Sav: Oy' You must be a tight end. Judging from the fact that you dropped your beer, and wasted it. (Sav grabs two more from the esky, and hands one to Drew).

Drew: I have no idea what you just said, but I think that it was football. (Cracks open his Fosters and takes a few sips) Would please say, "Let's throw another shrimp on the barbie?"

(Sav ignores Drew)

Celek: Great play calling Rocca! Don't you have a pizza shop to run? Jesus, who eats Australian Pizza anyways?

Sav: Listen you mappa tassie, I'm getting rotten. So it would be in your best interest to SHUT THE HELL UP! (Grabs a beer from the Esky, and chugs it down in one breath) Come on Drew let's got out to the field and have smoko. (Crushes the can, and heaves it at Celeks head).

Celek: YOU MUTHAF

(locker room door slams shut behind them. They make their way to the field to have a smoke)

Sav: Let's have a durry, and then we'll hit the turps.

Drew: English Sav, English. I'm curious about Australia. I read somewhere that Australia was setup as a penal colony by the British. Is everyone there a criminal? (Takes a few sips of his beer and then opens a new one)

(Sav turns bright red in the face. He chugs done another beer)

Drew: What's the matter? Did a dingo eat your baby or something?

Sav: How dare you Drew? You must be a tight end, because you got me spewin'! Look at you? Leaving half-finished coldies everywhere, your head could hold an entire case on its own!

(Drew puts down his half finished beer, and opens a new one)

Sav: YOU JUST DID IT AGAIN! STOP WASTING COLDIES YOU ASSHOLE!

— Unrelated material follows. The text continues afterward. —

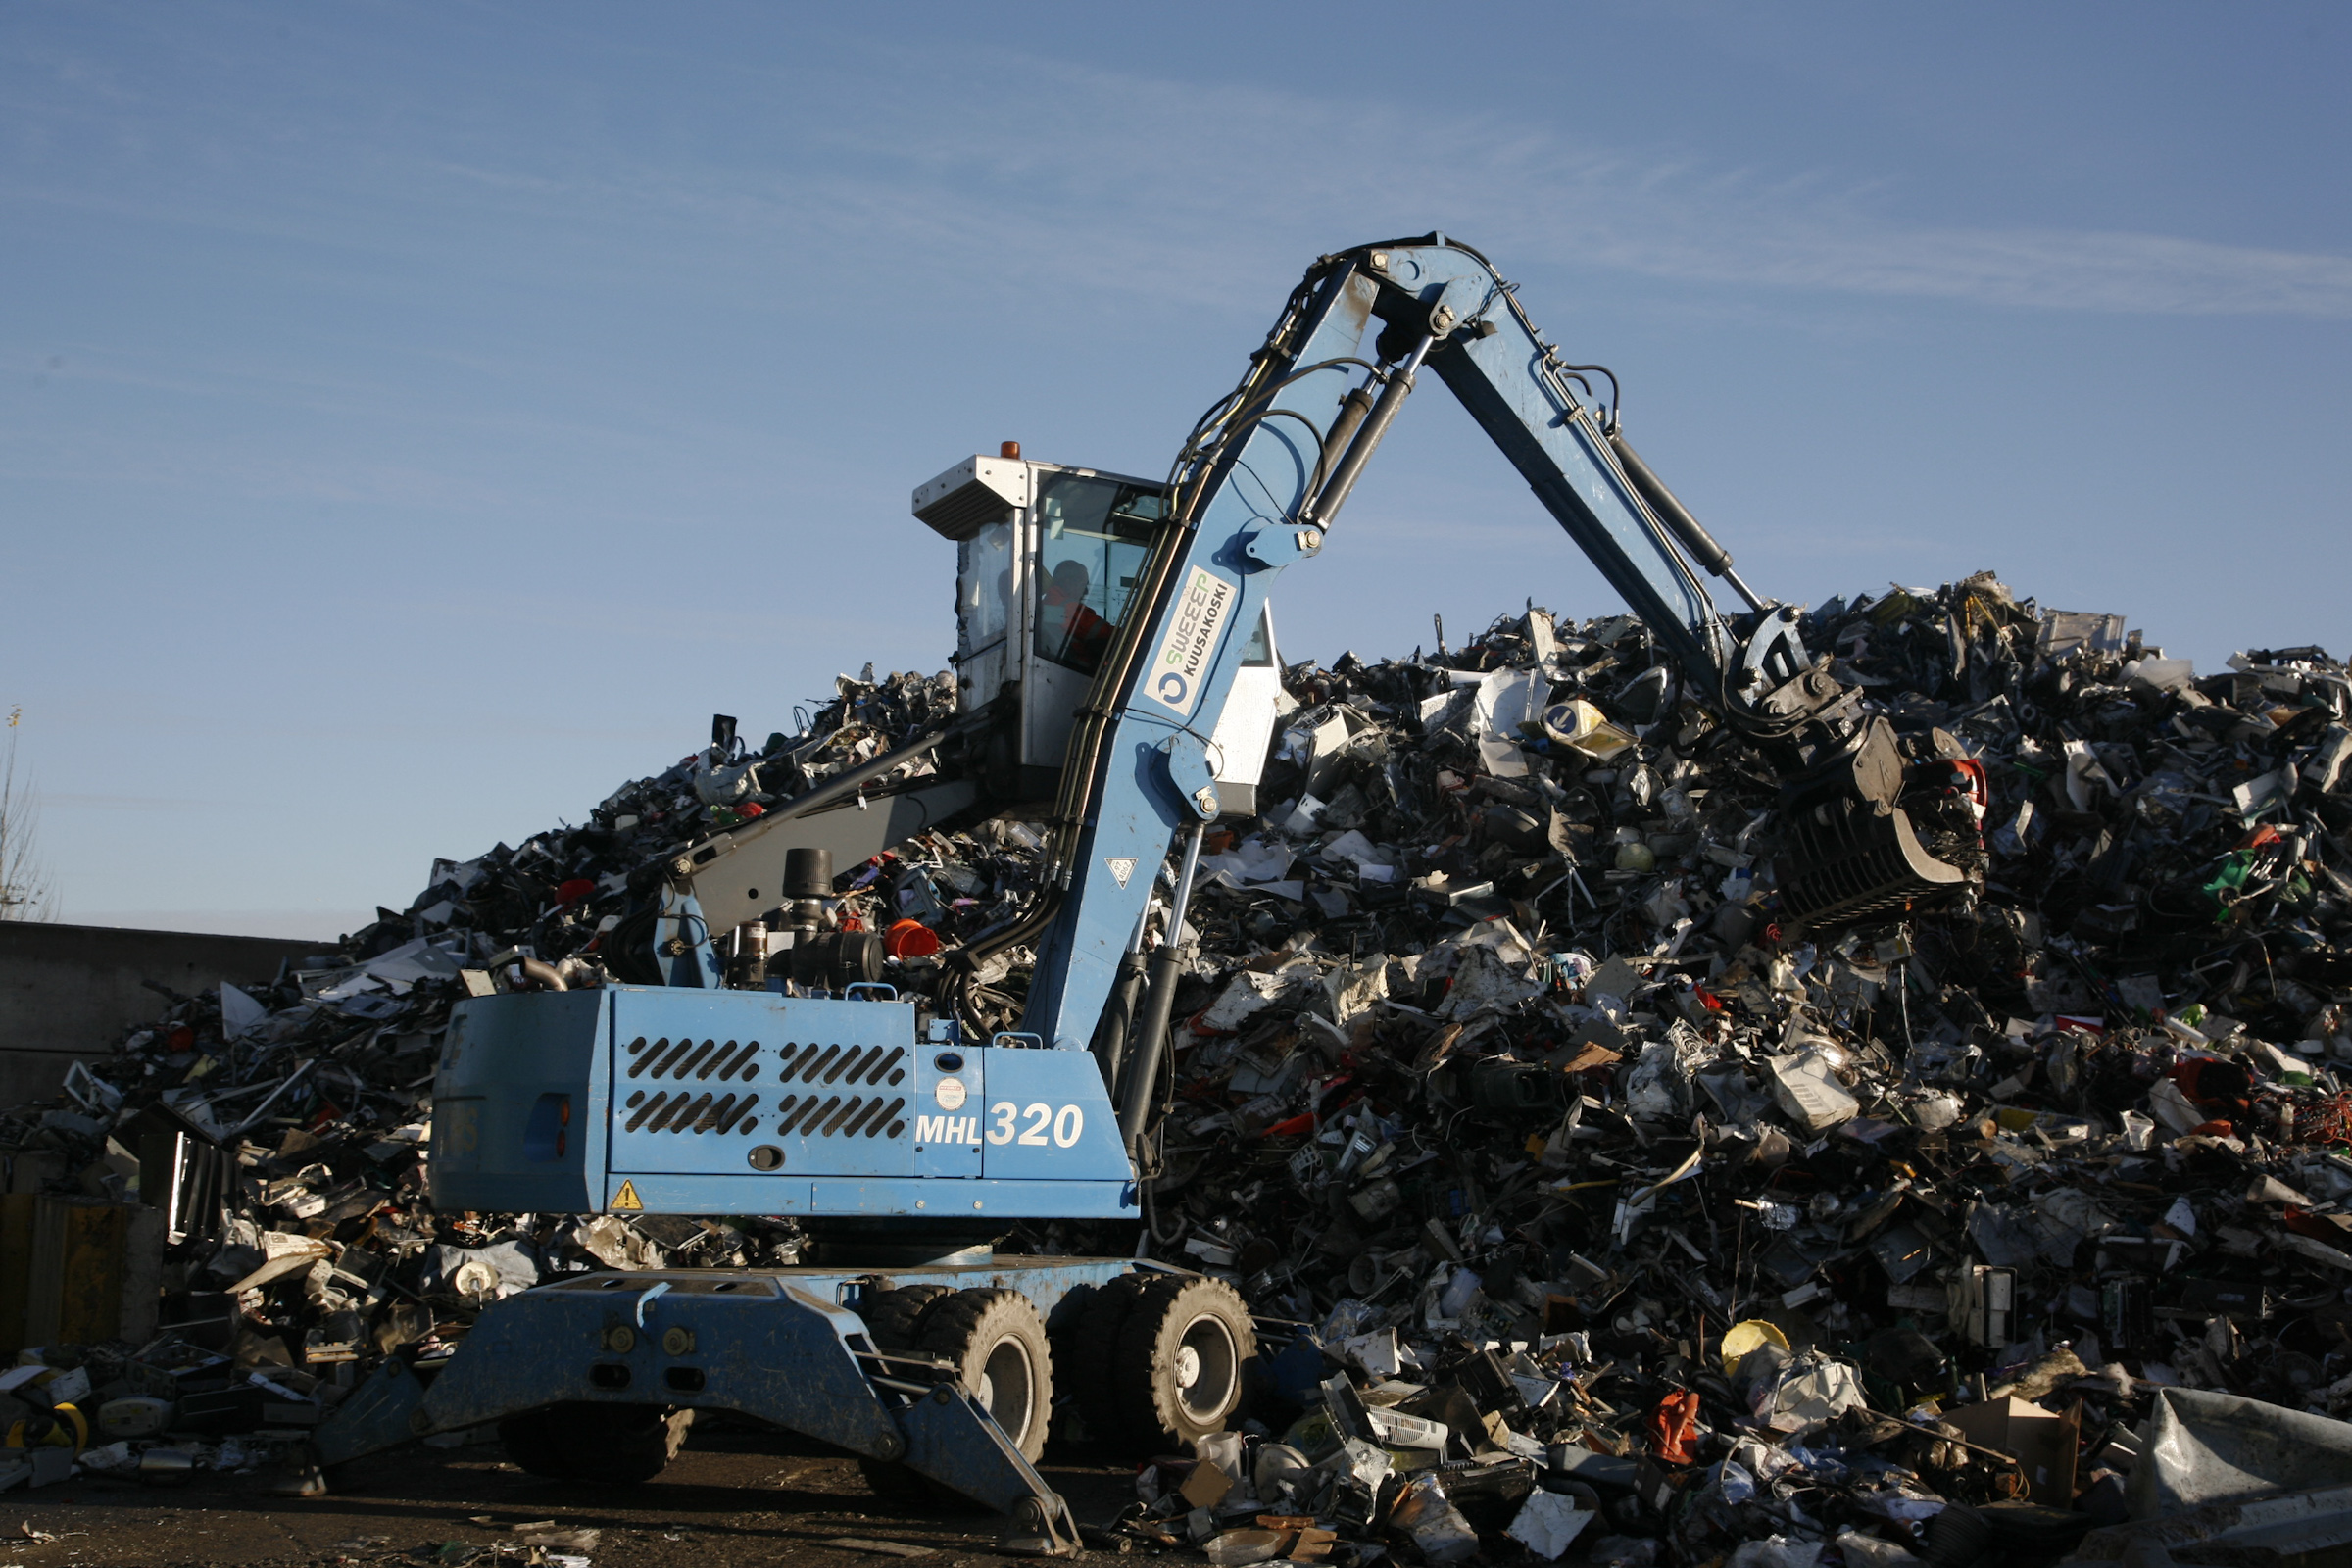 Sweeep Kuusakoski News Scrap Printed Circuit Board Recycling Equipment From Professional Aatf Forum Responds To Defras Low Ambition Weee Targets

Drew: So, are you going to say "Let's throw another shrimp on the barbie" or not? I'm dying, I don't have a lot of time left on this planet. Jim Carey says it, and he's Australian, So Does Russell Crowe! (Drew takes a sip of his beer, puts it down, and opens a new one)

Sav: Jesus Christ! (Finishes two beers at once) I'm going inside to kick the shit out of that banana bender donger Celek, and then I'm going to chunder in his locker!

(Sav leaves Drew out on the field)

Drew: Where are those Roccaholics? I bet that they will say "Let's throw another shrimp on the barbie."